Frequently Asked Questions

The first thing your body uses is glucose from your bloodstream. As those levels drop, it accesses its readily available stores of glucose, known as glycogen, which are located in your liver and muscles.

The body typically transitions from burning glycogen to burning fat after the liver's glycogen stores are depleted, which can take approximately 18 to 24 hours. This shift leads to the metabolic state of ketosis.

Yes, during prolonged fasting, the brain can adapt to use ketone bodies, which are produced from the breakdown of fat, for up to 70% of its energy needs. This reduces the brain's reliance on glucose and helps spare muscle protein.

In the early stages of fasting, the body works to conserve muscle protein. However, during prolonged starvation, when fat stores are exhausted, the body will begin to break down muscle and organ tissue for energy.

While controlled intermittent fasting can have health benefits and lead to weight loss, prolonged and severe calorie restriction is dangerous. It can lead to severe health issues, including nutrient deficiencies, muscle loss, and metabolic slowdown. Always consult a healthcare professional before significant dietary changes.

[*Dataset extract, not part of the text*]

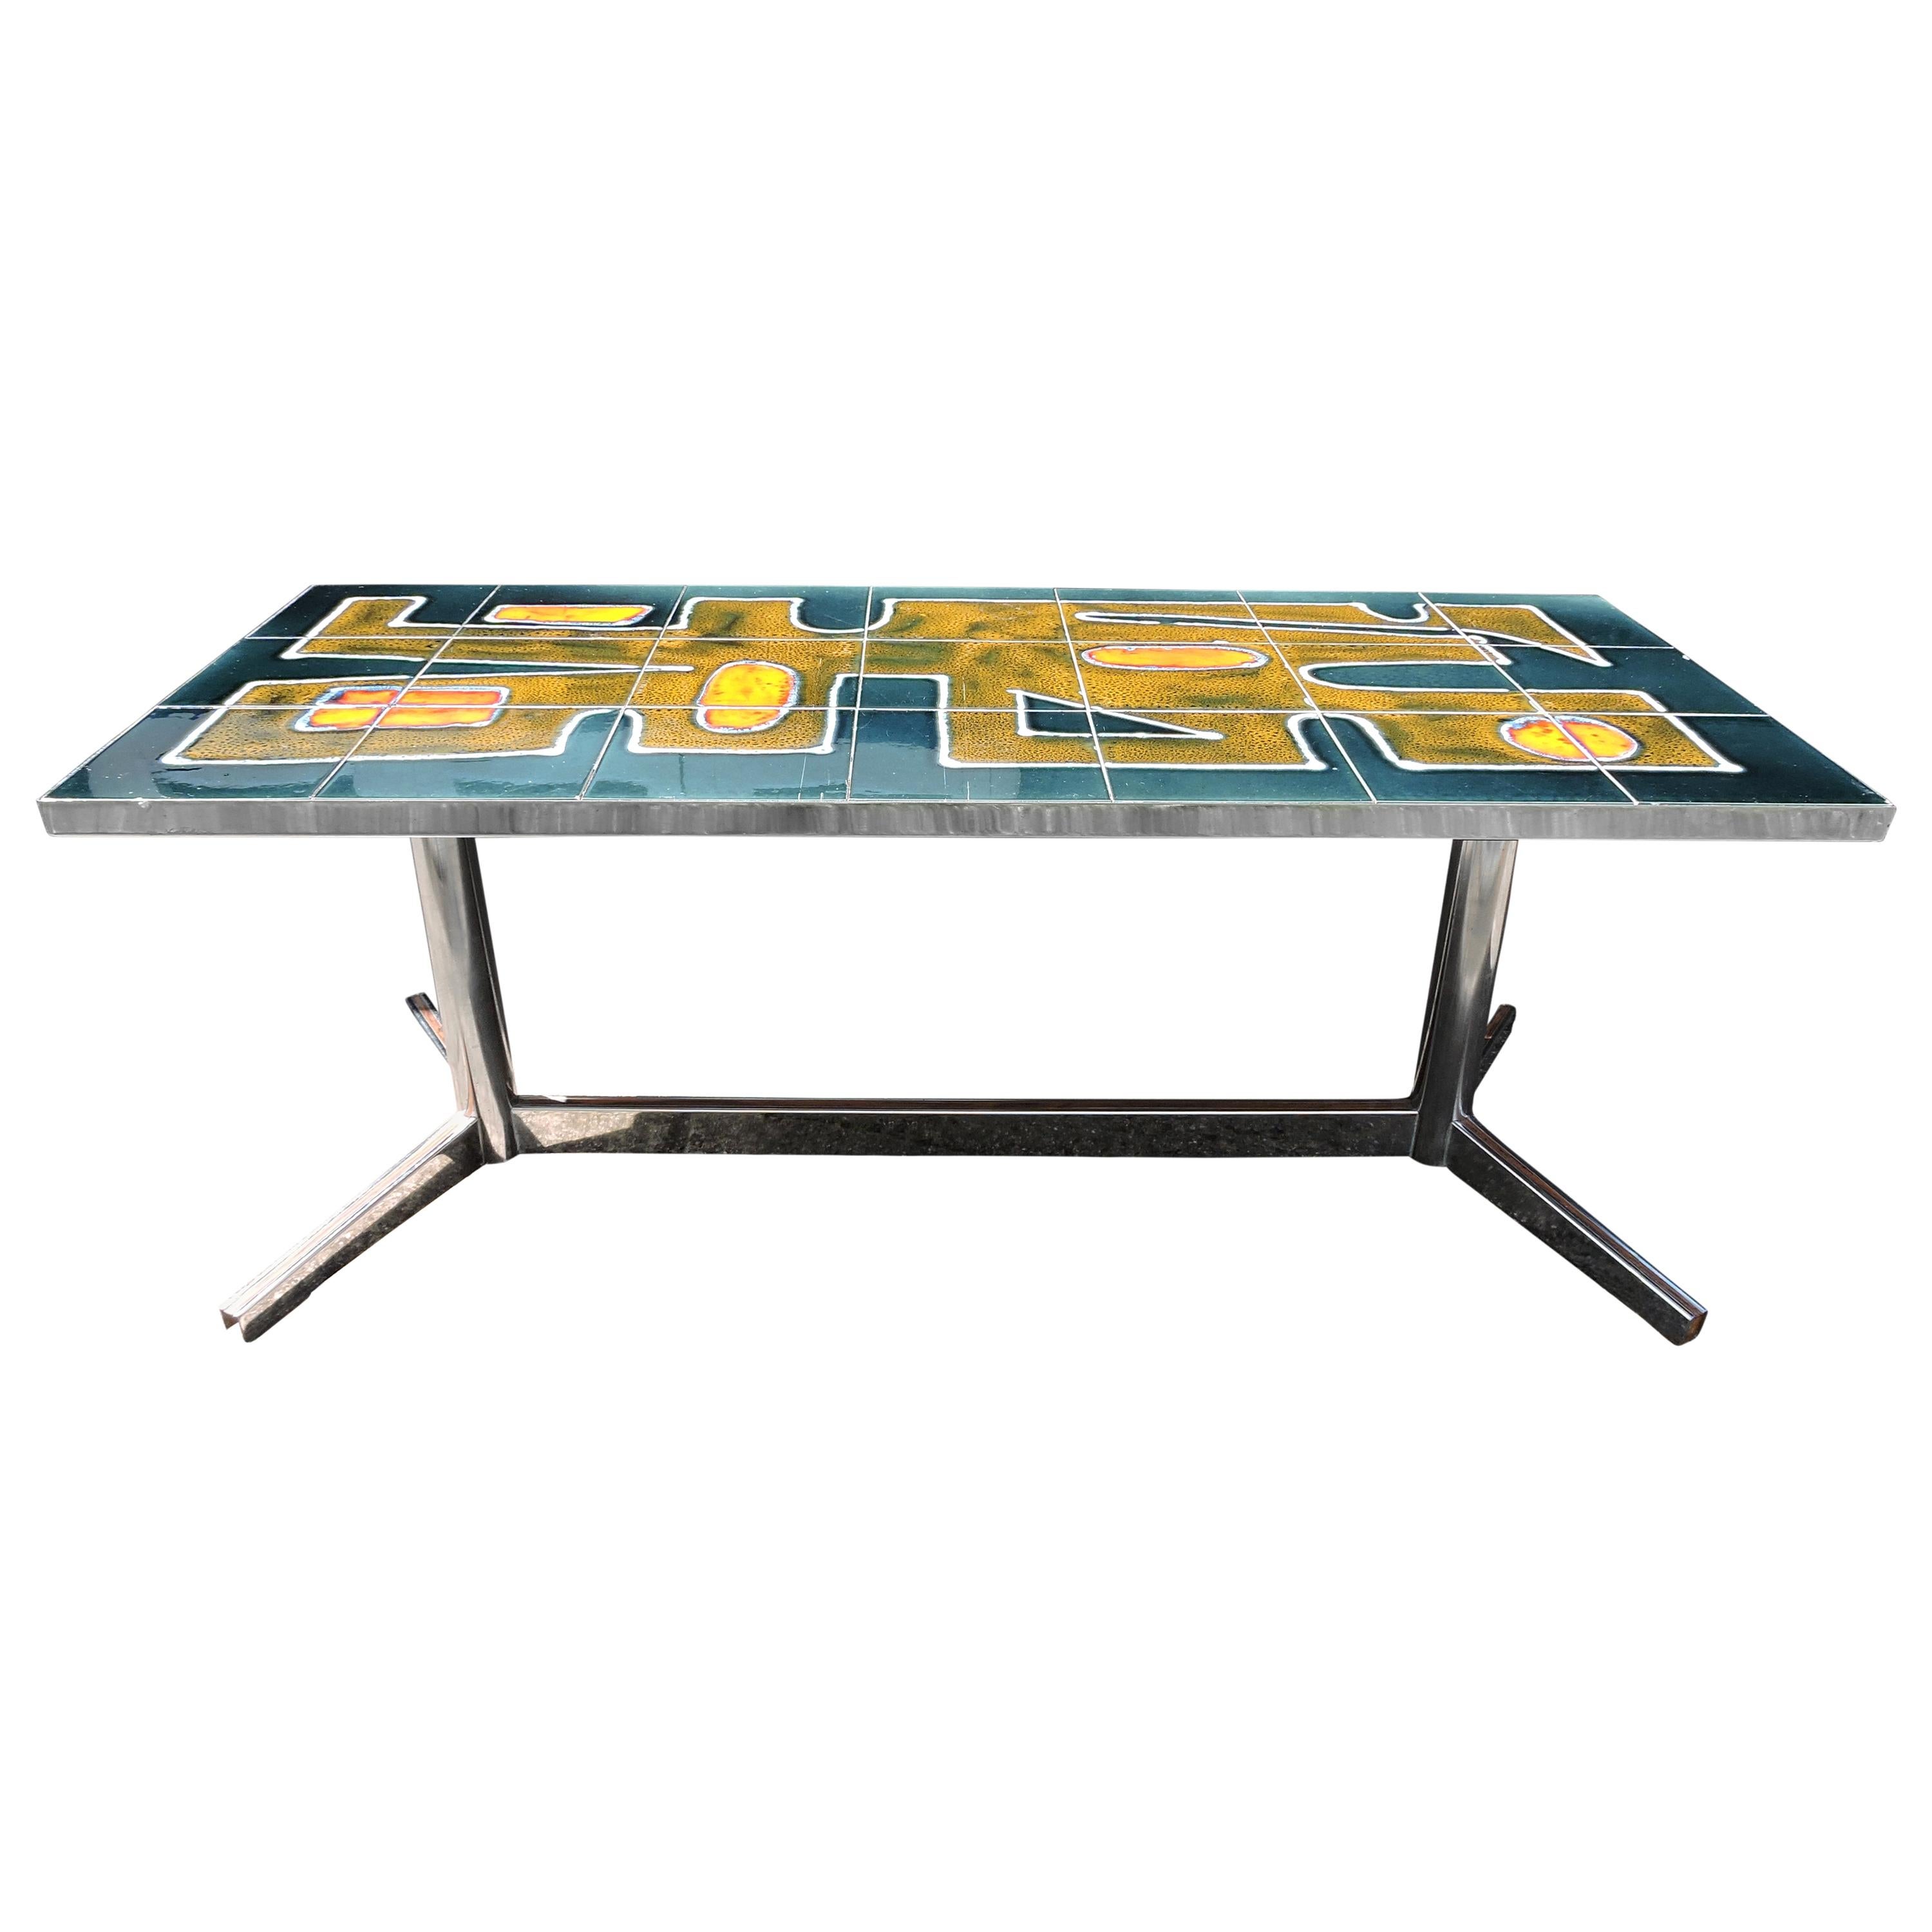 Decorative Tiled and Chrome Base Coffee Table, 1960s For Sale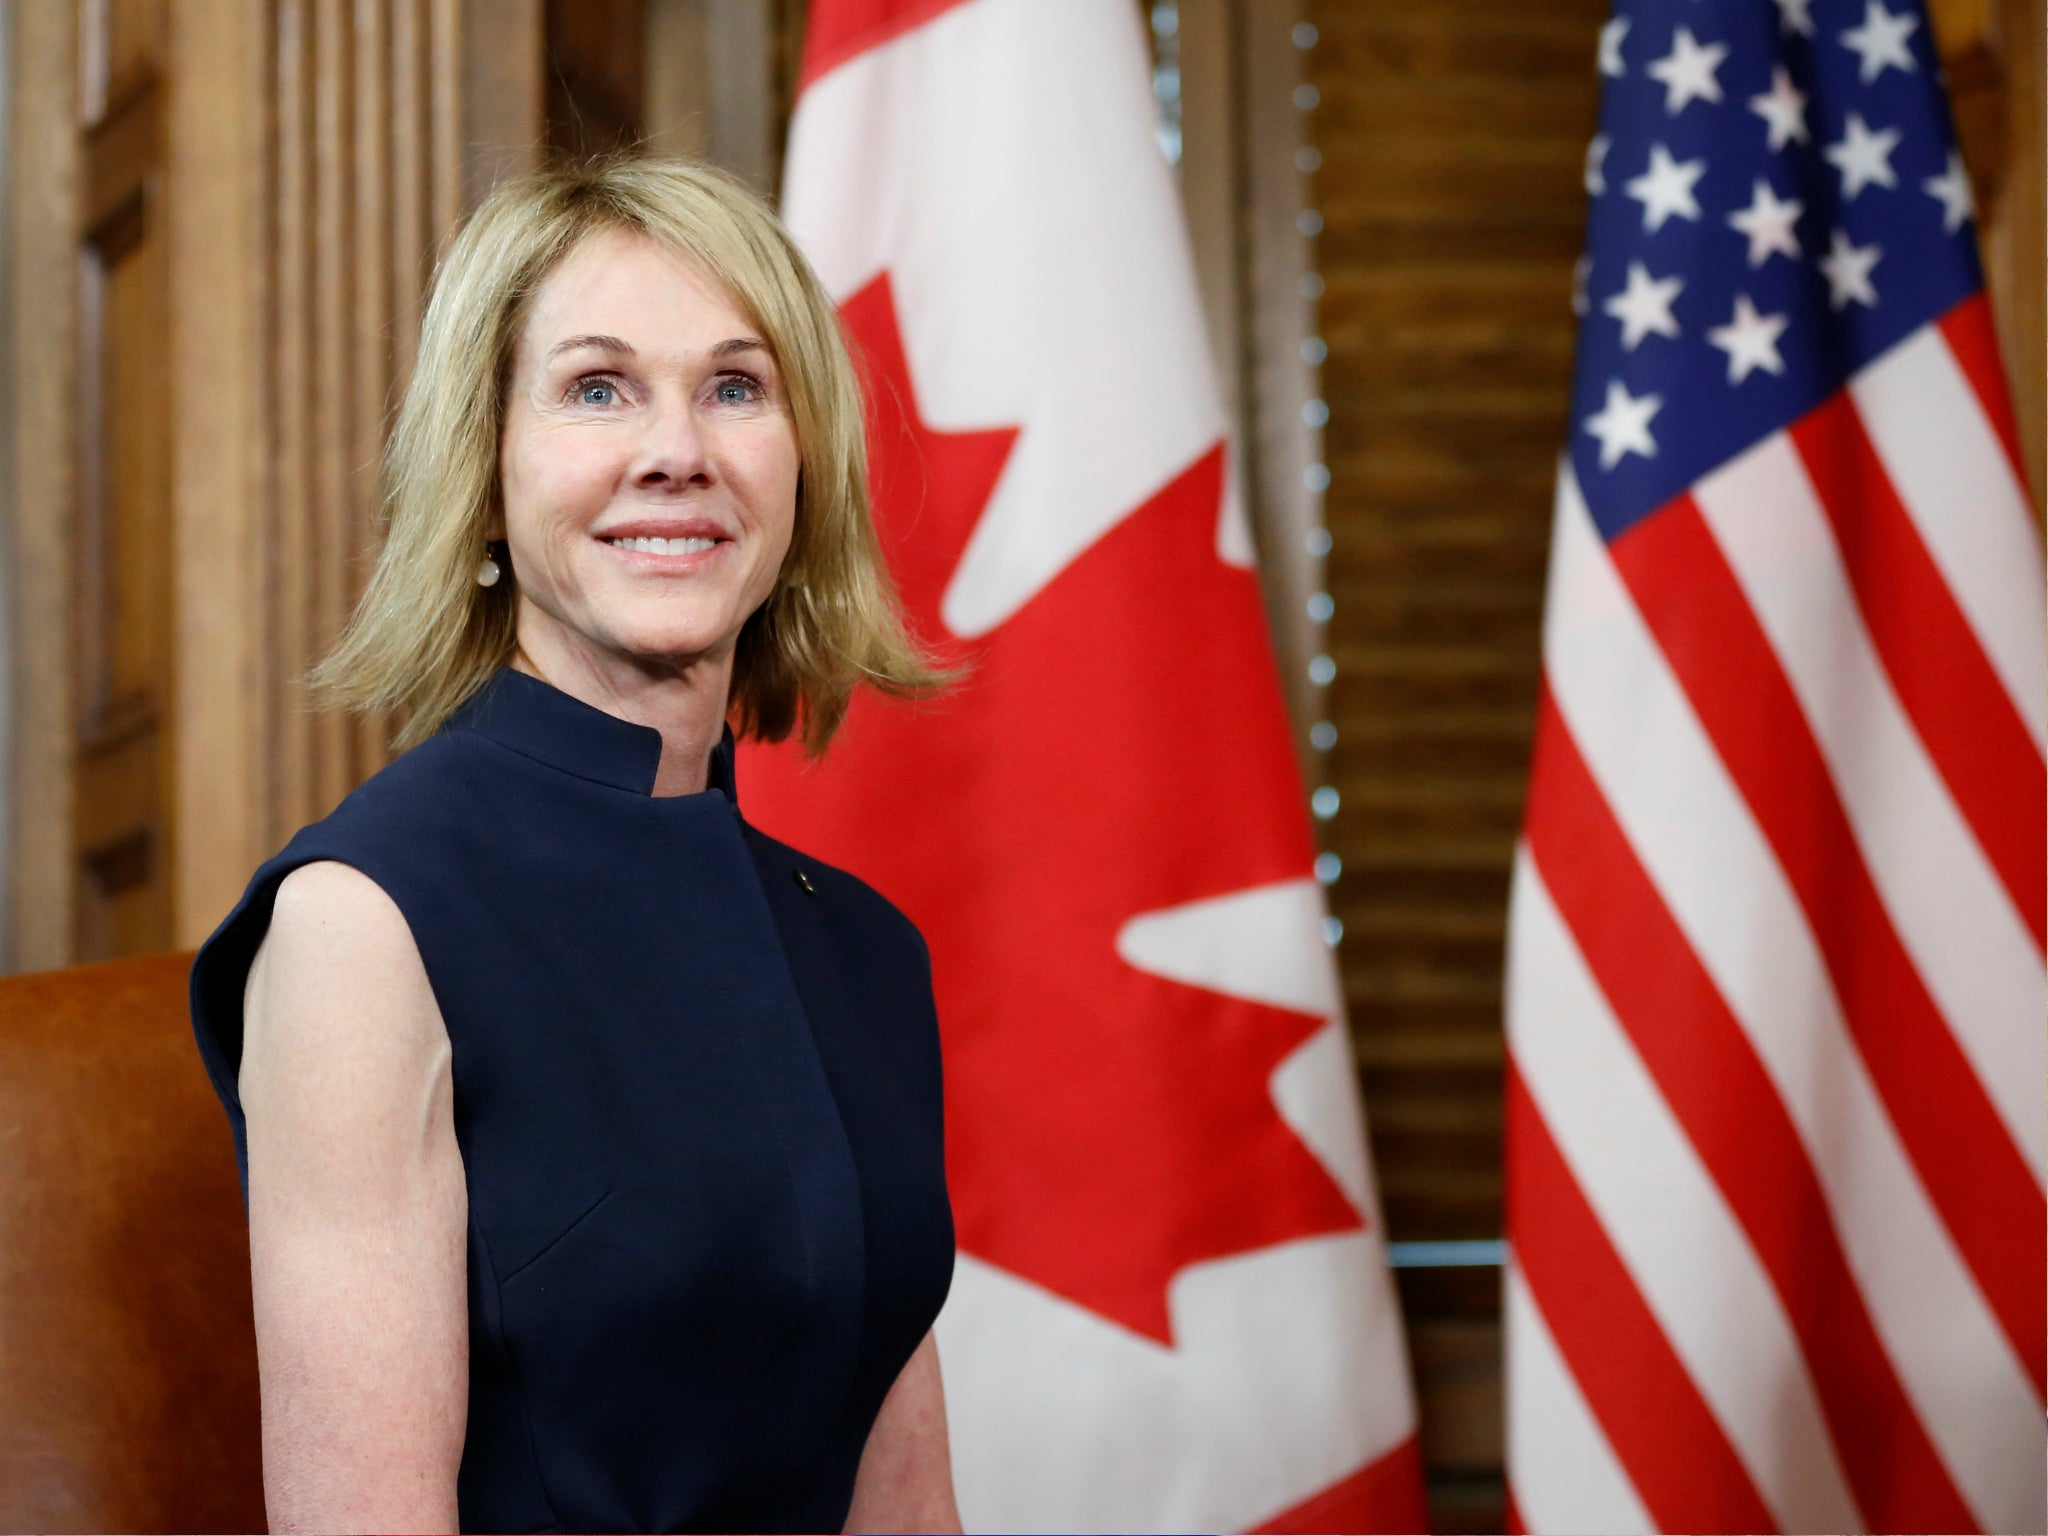 US Ambassador to Canada Kelly Craft received a threat in the mail that contained a suspicious white powder just as trade tensions between the two countries are high

Hormones are key regulators. As blood glucose falls, insulin decreases, while glucagon increases to promote glycogen breakdown and gluconeogenesis. Other hormones, like human growth hormone, also increase to help conserve muscle mass.

Glycogenolysis is the breakdown of stored glycogen into glucose. Gluconeogenesis is the creation of new glucose from non-carbohydrate sources, such as amino acids and glycerol. Glycogenolysis occurs first, followed by gluconeogenesis during extended fasting.